▶ _Data to examine_:
________________________________________

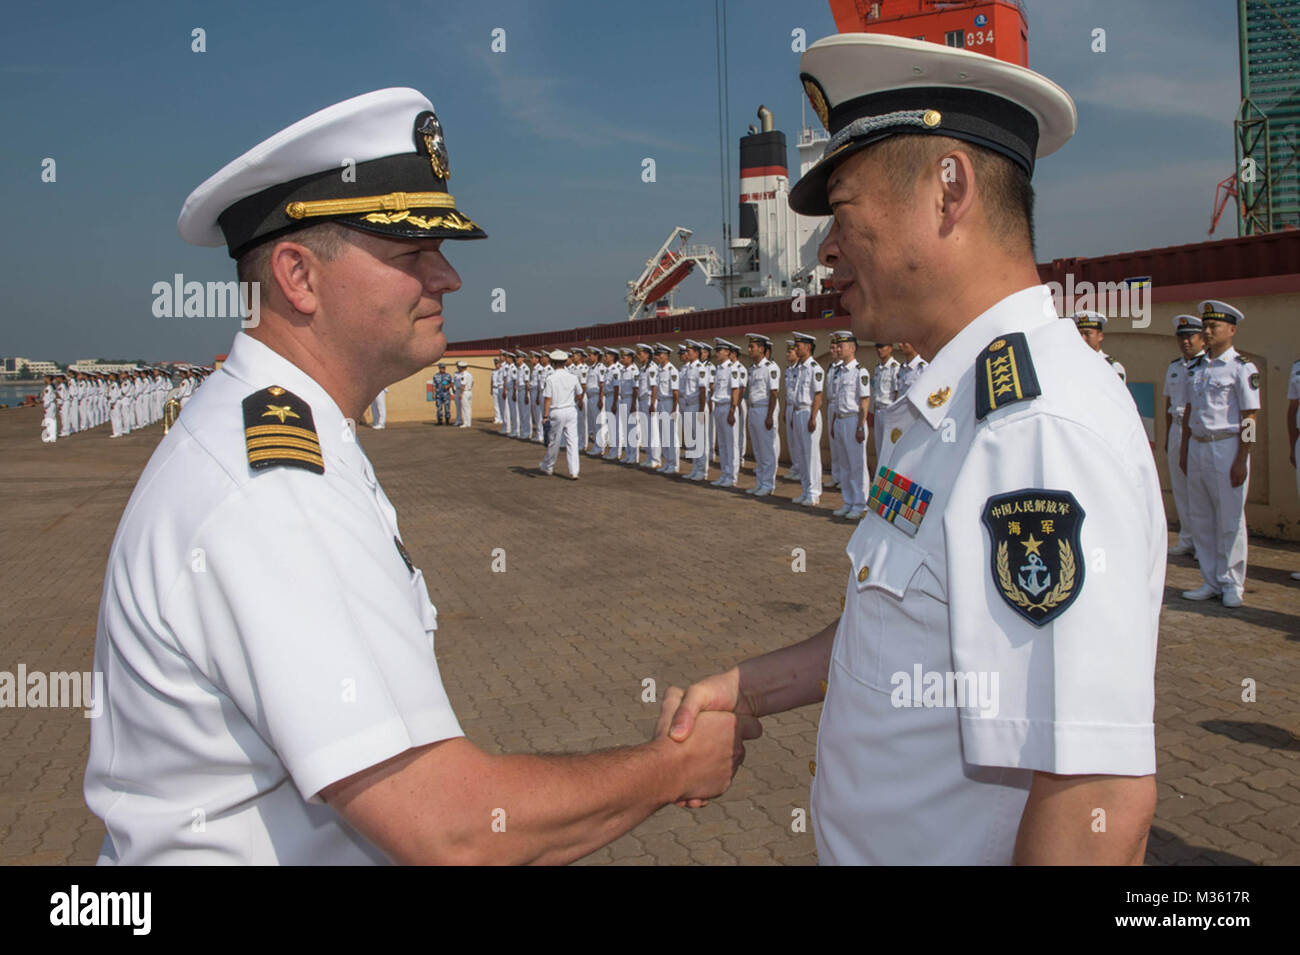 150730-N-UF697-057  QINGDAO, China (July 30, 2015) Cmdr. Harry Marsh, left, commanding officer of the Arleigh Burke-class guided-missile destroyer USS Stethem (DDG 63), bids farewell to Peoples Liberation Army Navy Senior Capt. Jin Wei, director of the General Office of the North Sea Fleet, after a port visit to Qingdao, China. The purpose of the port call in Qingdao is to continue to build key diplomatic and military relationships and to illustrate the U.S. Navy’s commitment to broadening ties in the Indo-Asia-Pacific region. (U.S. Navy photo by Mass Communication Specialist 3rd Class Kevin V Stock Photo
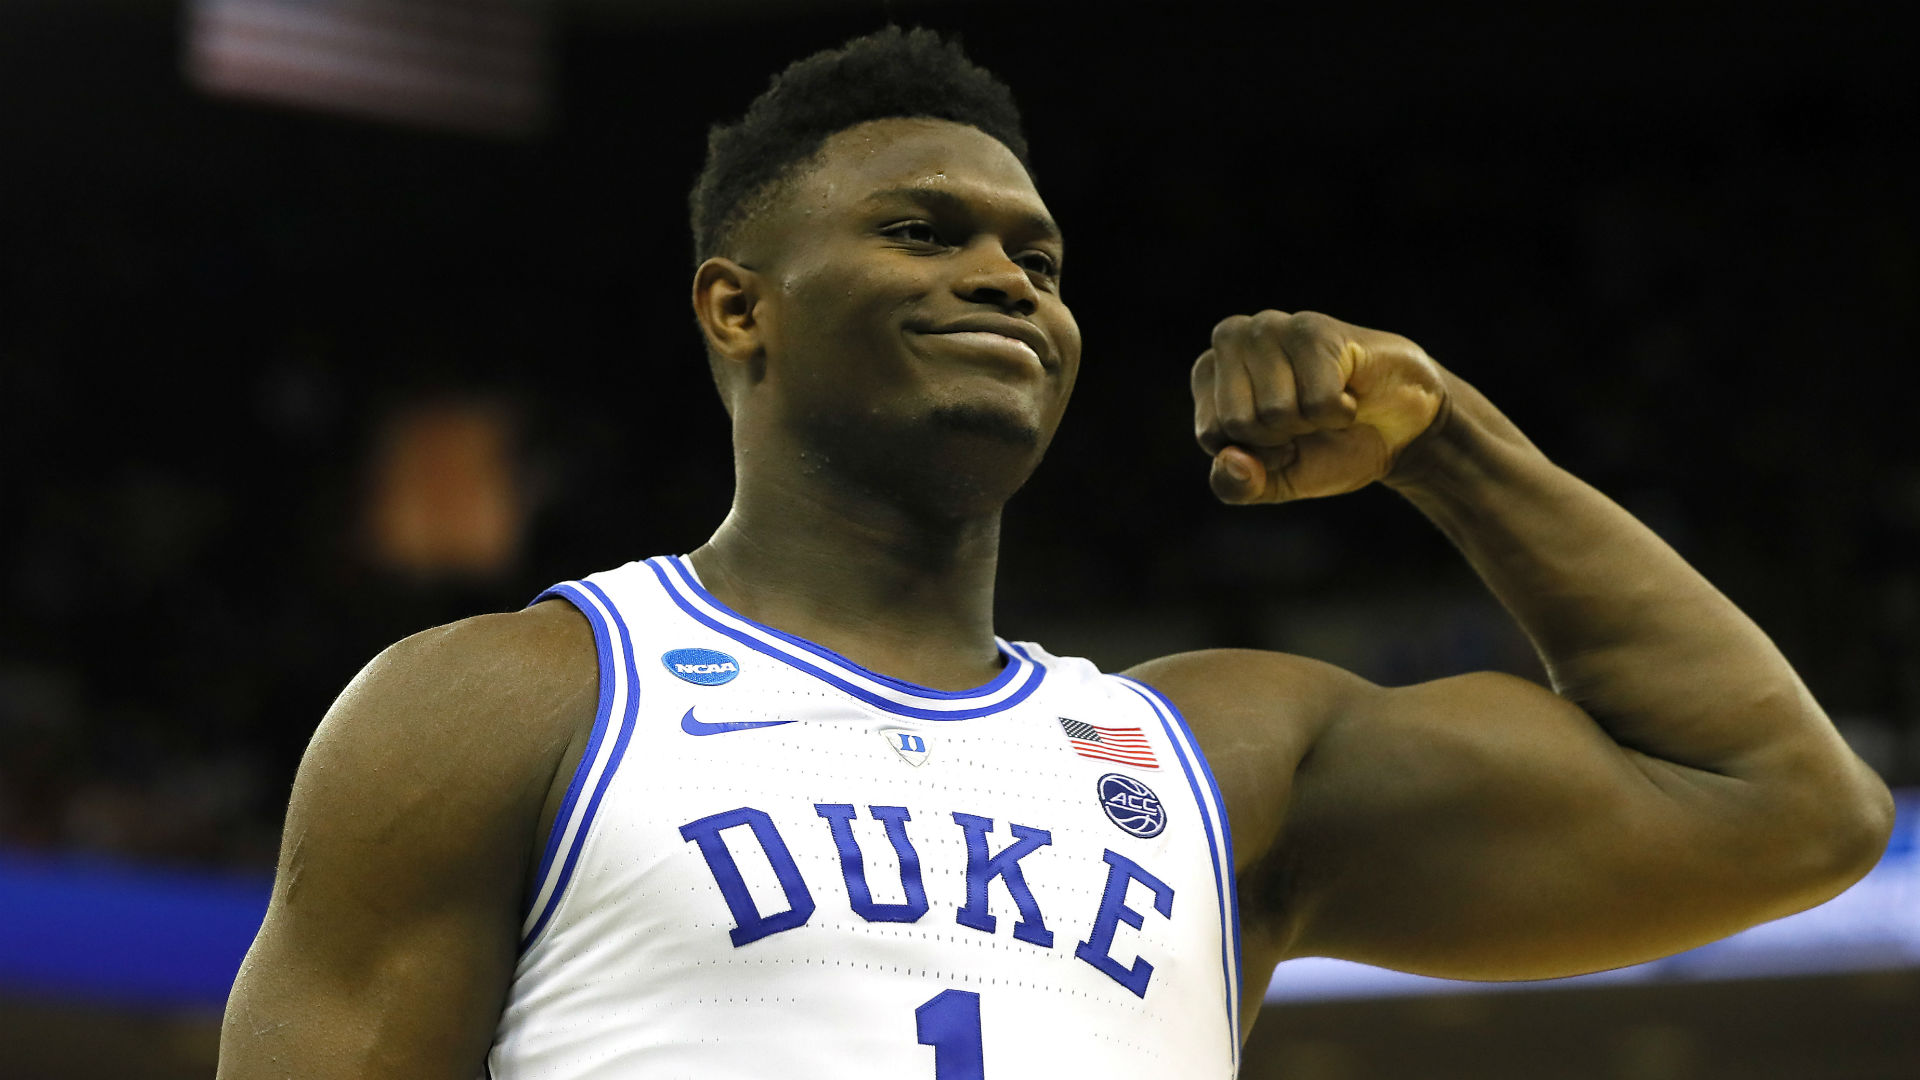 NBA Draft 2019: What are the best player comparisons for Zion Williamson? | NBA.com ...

________________________________________

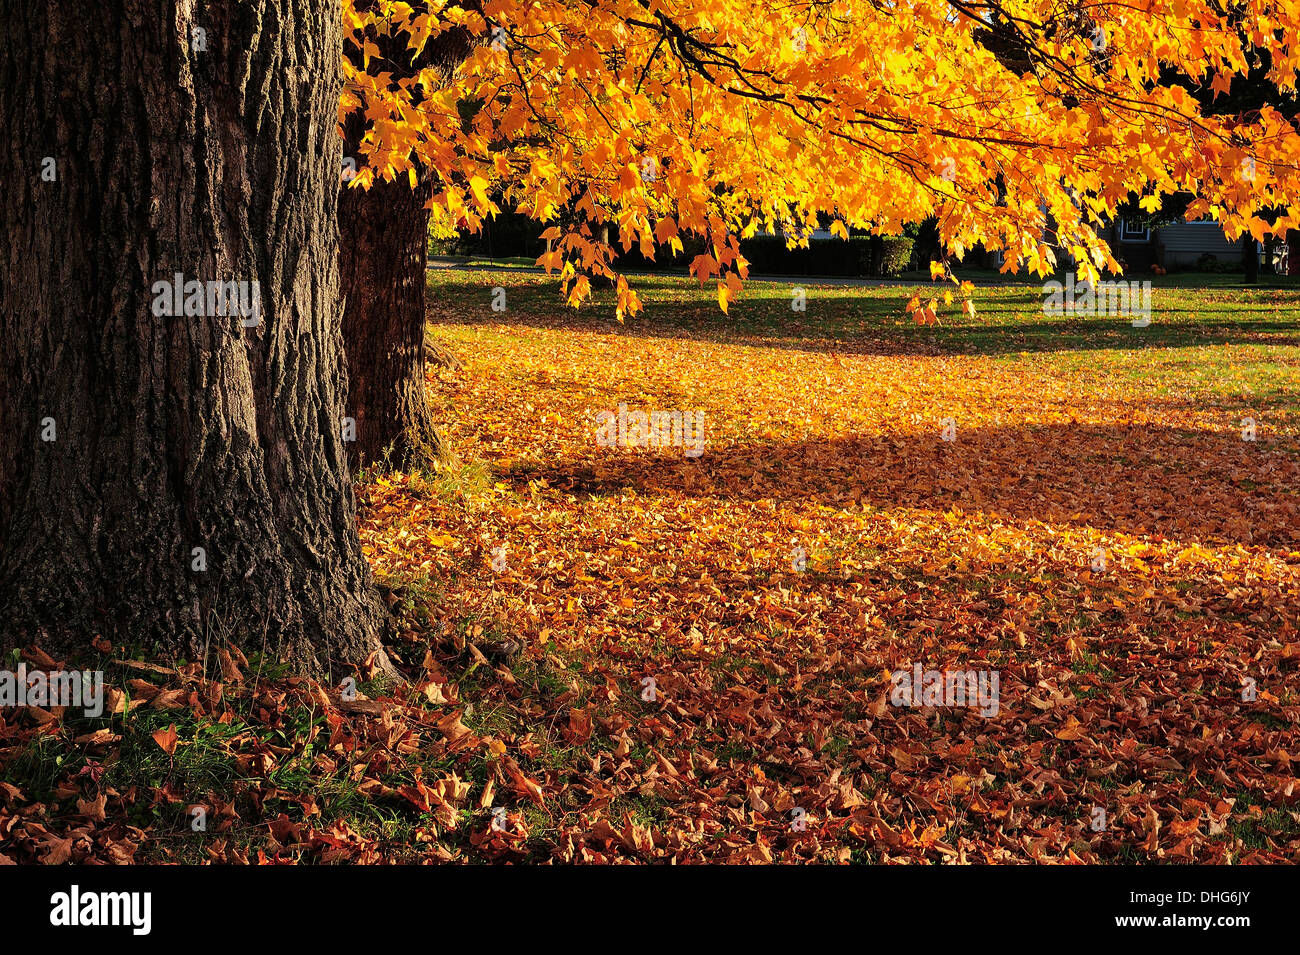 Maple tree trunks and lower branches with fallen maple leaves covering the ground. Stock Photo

________________________________________

▶ _About this exercise_: Only one part of the material above is wanted: the lines from the one with "V Stock Photo" up to and including the one with "Williamson? | NBA.com ...". Please copy them exactly, pictures left out.

▶ _Answer to the exercise_:
 150730-N-UF697-057  QINGDAO, China (July 30, 2015) Cmdr. Harry Marsh, left, commanding officer of the Arleigh Burke-class guided-missile destroyer USS Stethem (DDG 63), bids farewell to Peoples Liberation Army Navy Senior Capt. Jin Wei, director of the General Office of the North Sea Fleet, after a port visit to Qingdao, China. The purpose of the port call in Qingdao is to continue to build key diplomatic and military relationships and to illustrate the U.S. Navy’s commitment to broadening ties in the Indo-Asia-Pacific region. (U.S. Navy photo by Mass Communication Specialist 3rd Class Kevin V Stock Photo
 NBA Draft 2019: What are the best player comparisons for Zion Williamson? | NBA.com ...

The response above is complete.